ソースコードはOpenFaceの実装を参考にしています。学習にはCASIA-WebFaceとMS-Celeb-1Mの2つのデータセットを使用し、それぞれ0.987と0.992のLFW精度を得ました。
3. Joint Face Detection and Alignment
制約のない環境での顔の検出と位置合わせは、様々な照度、ポーズ、オクルージョン【手前にある物体が後ろにある物体を隠す状態】により、非常に難しいことです。しかし、ディープラーニング技術の助けを借りれば、素晴らしい結果を得ることができるのです。
このプロジェクトでは、ディープカスケード・マルチタスクフレームワークを使用し、検出と位置合わせの間の固有の相関関係を利用して性能を向上させます。顔とランドマークの位置を予測するために、3段階の深層畳み込みネットワークを持つカスケードアーキテクチャを利用します。

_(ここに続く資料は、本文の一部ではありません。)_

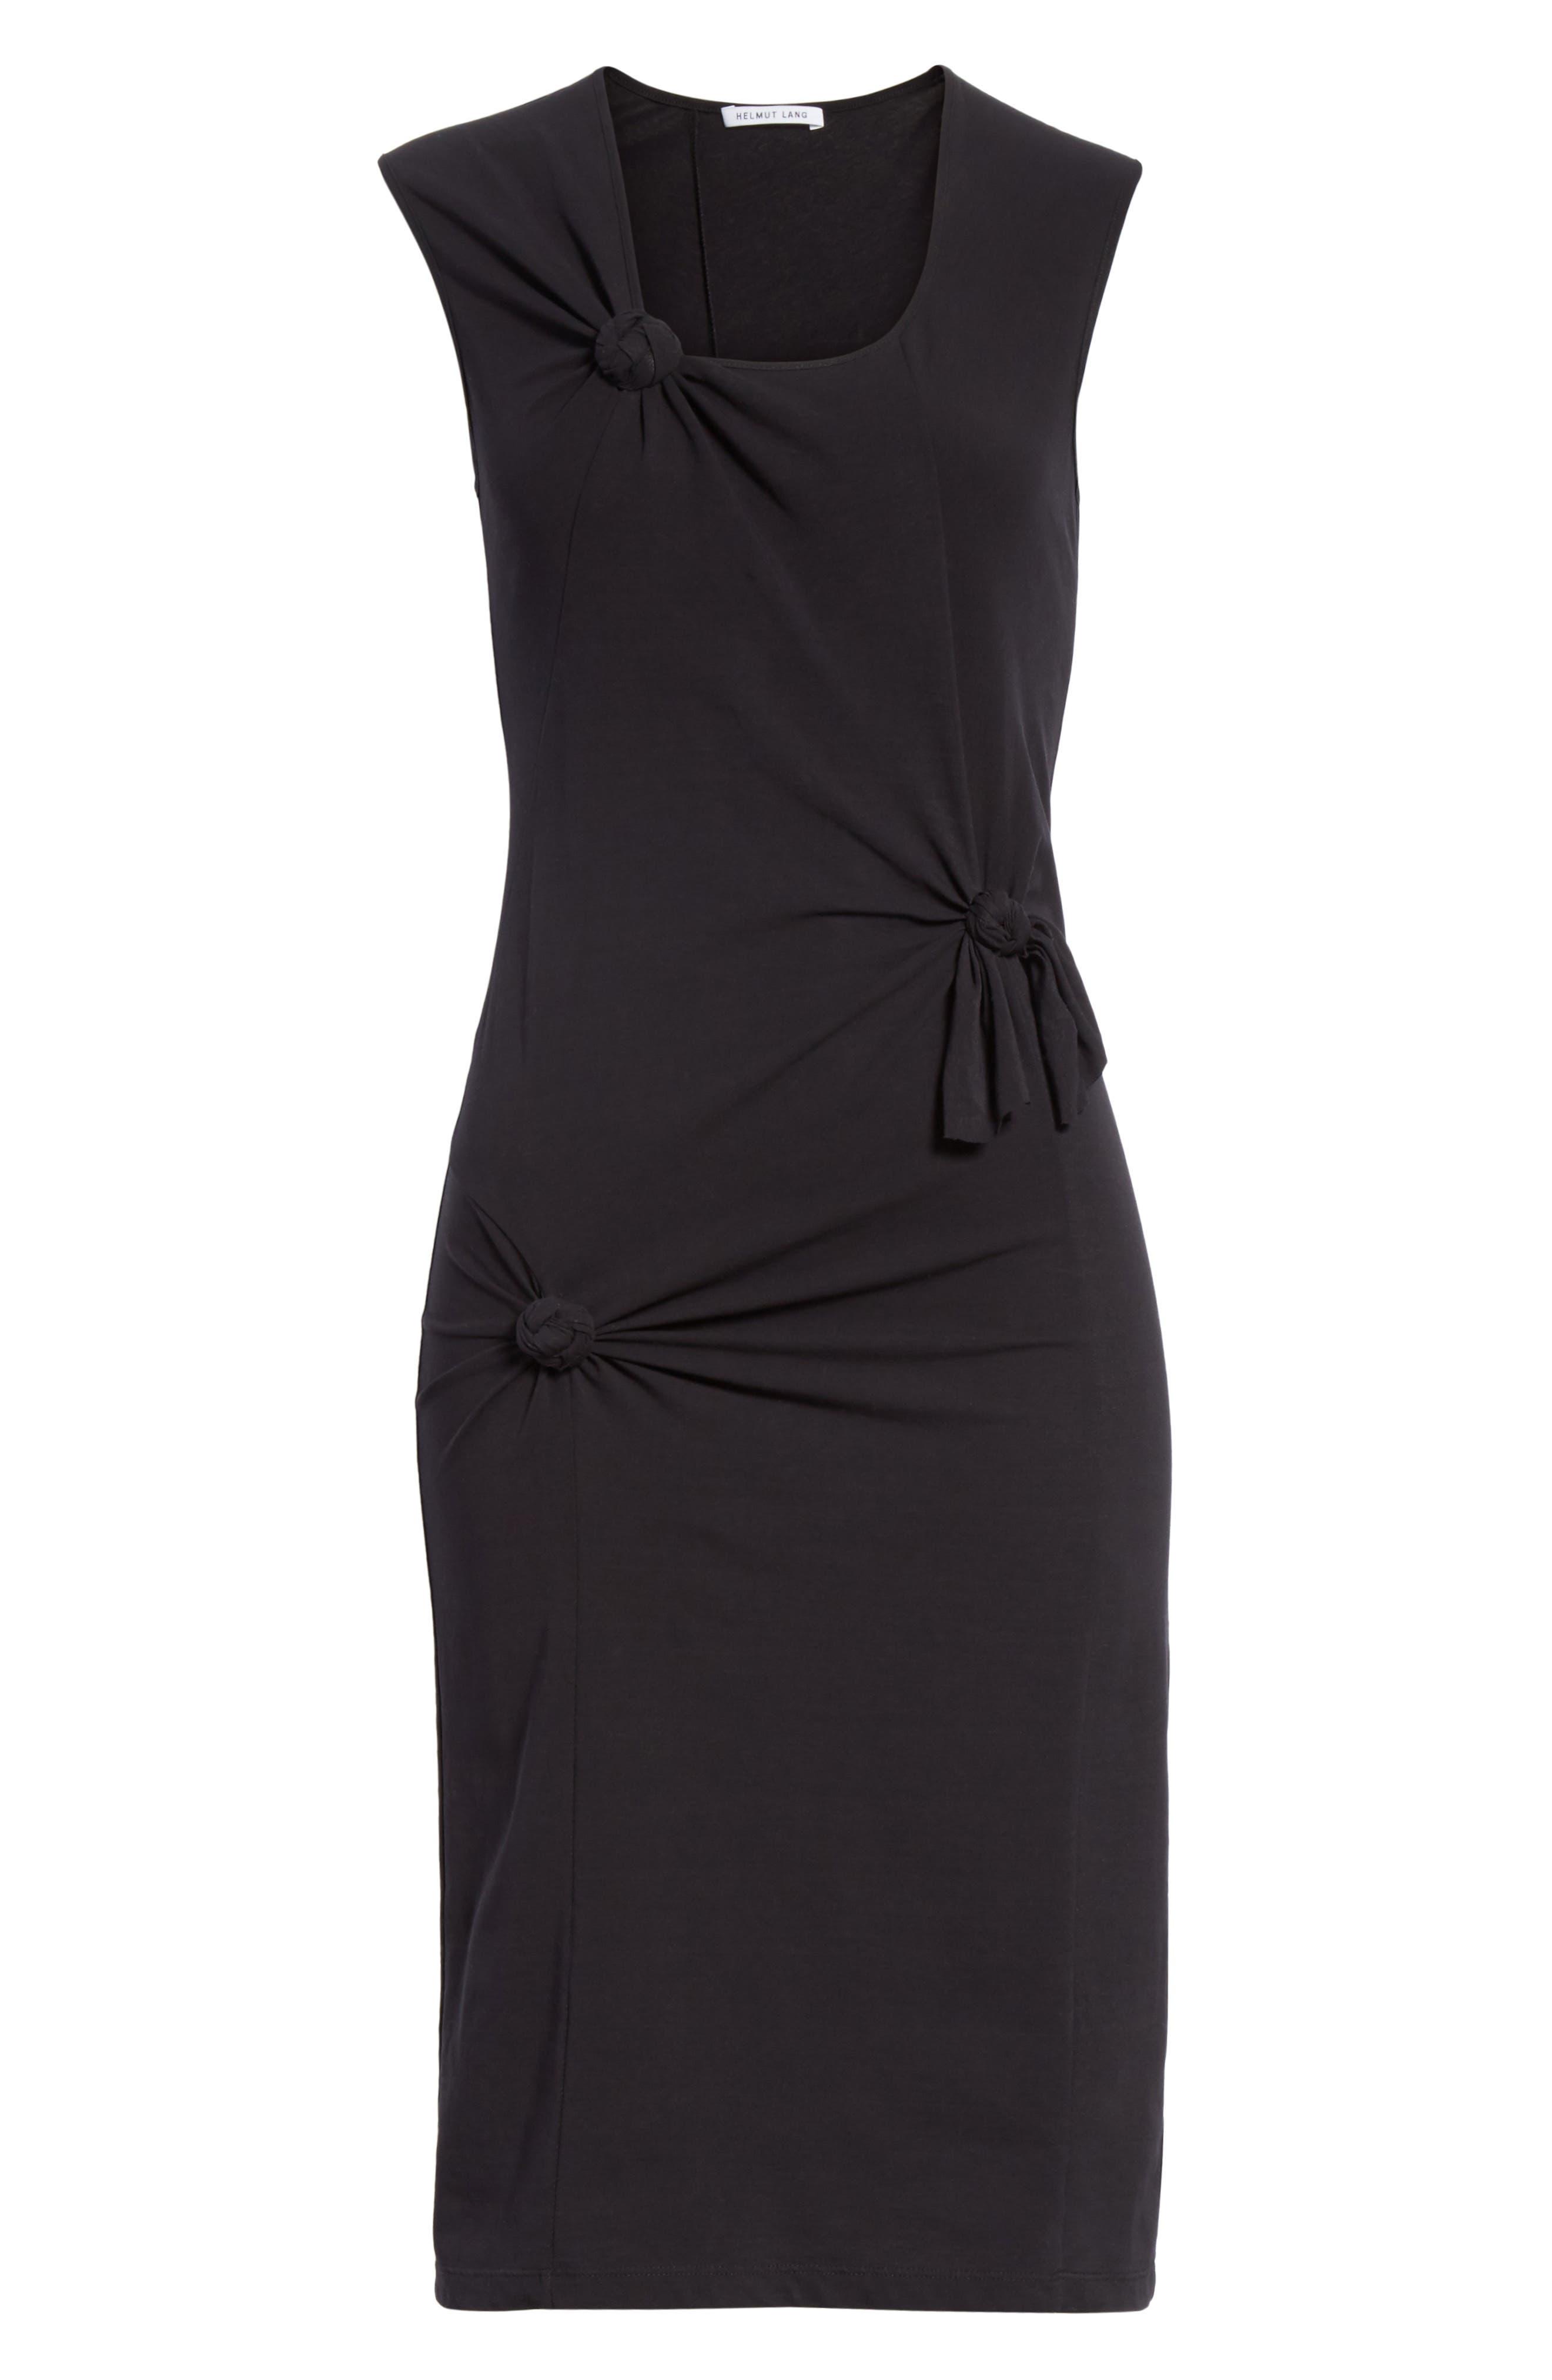 Knot Detail Dress,                             Alternate thumbnail 6, color,                             001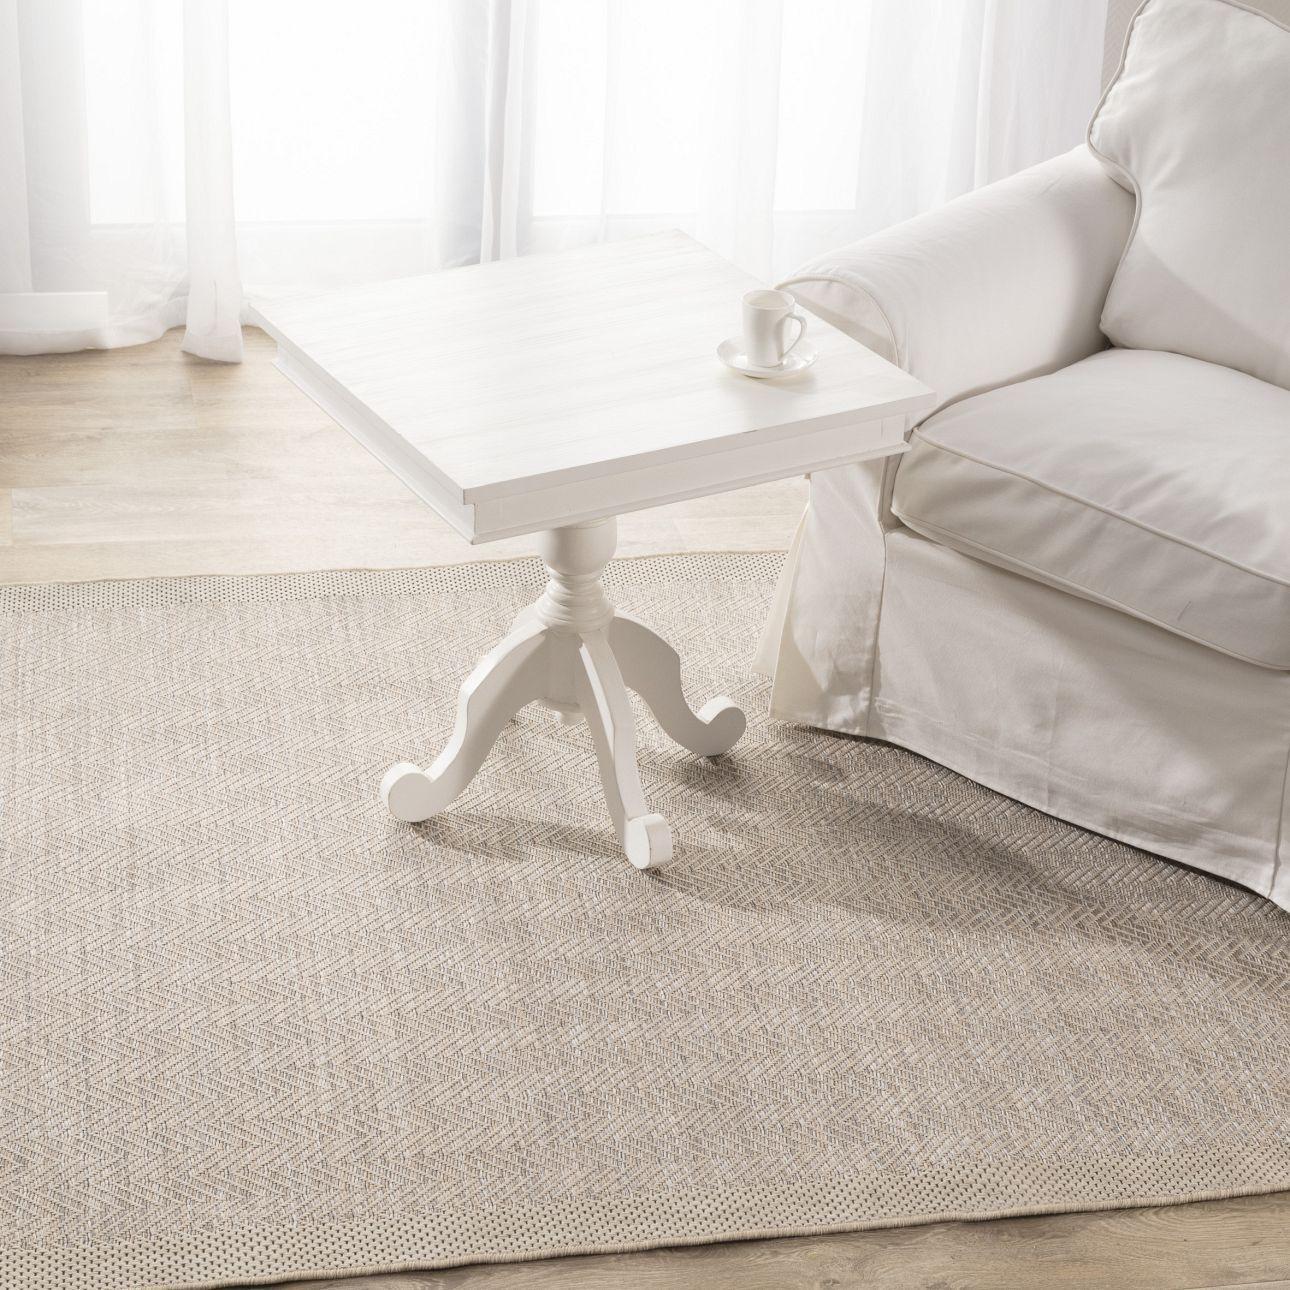 teppich breeze sand cliff grey 120x170cm white living pinterest teppichboden teppich. Black Bedroom Furniture Sets. Home Design Ideas

また、作成者らは、実際の性能をさらに向上させるマイニングアプローチを導入しています。この技術は、顔検出のための困難なWIDER FACEベンチマークと、顔位置合わせのためのAFLWベンチマークにおいて、最先端の方法論よりも優れた精度を達成しています。
2. OpenBR
これは、オープンな(クローズドも)アルゴリズムの開発と再現可能な評価をサポートする共通の生体認証フレームワークです。既存のアルゴリズムを改良したり、新しいモダリティを探求したり、認識性能を測定したり、自動化された生体認証システムを展開したりするために使用できます。
このフレームワークには、学習、顔認識、性別推定、年齢推定のアルゴリズムが含まれています。Mac OSX、Windows、Linuxを含むすべての主要プラットフォームでサポートされています。
1. OpenFace
OpenFaceは、ディープニューラルネットワークによる顔識別のTorchとPythonによる実装で、FaceNetをベースにしています。Torchにより、CPUまたはCUDAでネットワークを実行できます。
単一の入力に対するワークフローは以下の通りです。
・OpenCVやDlibで事前に学習させたモデルを用いて顔を検出する。
・ニューラルネットワーク用に顔を変換する。
・ディープニューラルネットワークを用いて、128ビット次元の単位超球面上に顔を表現する。
・クラスタリングまたは分類法を適用し、完全な識別を行う。